+++ EXERCISE DATA +++

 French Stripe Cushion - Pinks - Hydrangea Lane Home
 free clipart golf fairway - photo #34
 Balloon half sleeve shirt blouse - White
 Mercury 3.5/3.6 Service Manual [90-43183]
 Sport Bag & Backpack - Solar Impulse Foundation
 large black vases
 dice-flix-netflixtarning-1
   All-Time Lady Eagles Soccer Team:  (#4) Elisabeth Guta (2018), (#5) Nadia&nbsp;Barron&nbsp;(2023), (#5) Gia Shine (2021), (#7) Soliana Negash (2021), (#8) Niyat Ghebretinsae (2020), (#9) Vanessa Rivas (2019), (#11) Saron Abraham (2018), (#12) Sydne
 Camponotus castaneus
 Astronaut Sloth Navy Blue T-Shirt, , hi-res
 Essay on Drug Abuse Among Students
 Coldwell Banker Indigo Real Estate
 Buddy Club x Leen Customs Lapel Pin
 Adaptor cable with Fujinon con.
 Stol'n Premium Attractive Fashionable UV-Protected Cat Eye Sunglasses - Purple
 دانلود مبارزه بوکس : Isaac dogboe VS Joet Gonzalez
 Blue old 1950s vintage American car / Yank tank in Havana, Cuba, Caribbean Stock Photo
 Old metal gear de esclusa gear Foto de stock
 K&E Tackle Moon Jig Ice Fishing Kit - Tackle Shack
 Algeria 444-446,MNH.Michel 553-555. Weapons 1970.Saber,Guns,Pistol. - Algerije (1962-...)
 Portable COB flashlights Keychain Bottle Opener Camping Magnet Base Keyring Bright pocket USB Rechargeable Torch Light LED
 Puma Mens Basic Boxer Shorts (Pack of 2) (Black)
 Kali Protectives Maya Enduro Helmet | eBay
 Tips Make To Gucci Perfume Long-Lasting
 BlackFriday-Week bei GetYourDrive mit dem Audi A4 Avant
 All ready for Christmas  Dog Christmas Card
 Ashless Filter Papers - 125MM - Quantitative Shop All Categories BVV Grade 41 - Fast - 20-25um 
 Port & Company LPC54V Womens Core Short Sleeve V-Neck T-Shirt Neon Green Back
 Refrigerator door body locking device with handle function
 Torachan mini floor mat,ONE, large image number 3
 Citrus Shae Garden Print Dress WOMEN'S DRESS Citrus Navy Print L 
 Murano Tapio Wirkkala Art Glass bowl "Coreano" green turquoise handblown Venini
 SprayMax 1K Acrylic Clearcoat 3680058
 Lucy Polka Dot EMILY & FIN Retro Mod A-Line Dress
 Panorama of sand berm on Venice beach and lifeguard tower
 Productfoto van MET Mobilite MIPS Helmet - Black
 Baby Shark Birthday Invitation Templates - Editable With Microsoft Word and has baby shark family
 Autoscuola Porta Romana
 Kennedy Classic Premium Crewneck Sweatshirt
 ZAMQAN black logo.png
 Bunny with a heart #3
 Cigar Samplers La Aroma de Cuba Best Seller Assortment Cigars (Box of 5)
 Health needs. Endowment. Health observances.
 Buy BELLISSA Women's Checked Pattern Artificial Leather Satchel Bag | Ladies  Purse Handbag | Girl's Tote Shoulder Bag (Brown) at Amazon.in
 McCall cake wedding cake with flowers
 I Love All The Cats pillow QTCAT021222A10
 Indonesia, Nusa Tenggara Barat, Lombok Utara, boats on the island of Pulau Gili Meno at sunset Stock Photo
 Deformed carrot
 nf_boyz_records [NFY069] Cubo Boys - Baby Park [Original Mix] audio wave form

+++

— EXERCISE —
Above are the entries. Quote exactly the lines from the one bearing "Refrigerator door body" through the one bearing "Buy BELLISSA Women's".

— COMPLETED EXERCISE —
 Refrigerator door body locking device with handle function
 Torachan mini floor mat,ONE, large image number 3
 Citrus Shae Garden Print Dress WOMEN'S DRESS Citrus Navy Print L 
 Murano Tapio Wirkkala Art Glass bowl "Coreano" green turquoise handblown Venini
 SprayMax 1K Acrylic Clearcoat 3680058
 Lucy Polka Dot EMILY & FIN Retro Mod A-Line Dress
 Panorama of sand berm on Venice beach and lifeguard tower
 Productfoto van MET Mobilite MIPS Helmet - Black
 Baby Shark Birthday Invitation Templates - Editable With Microsoft Word and has baby shark family
 Autoscuola Porta Romana
 Kennedy Classic Premium Crewneck Sweatshirt
 ZAMQAN black logo.png
 Bunny with a heart #3
 Cigar Samplers La Aroma de Cuba Best Seller Assortment Cigars (Box of 5)
 Health needs. Endowment. Health observances.
 Buy BELLISSA Women's Checked Pattern Artificial Leather Satchel Bag | Ladies  Purse Handbag | Girl's Tote Shoulder Bag (Brown) at Amazon.in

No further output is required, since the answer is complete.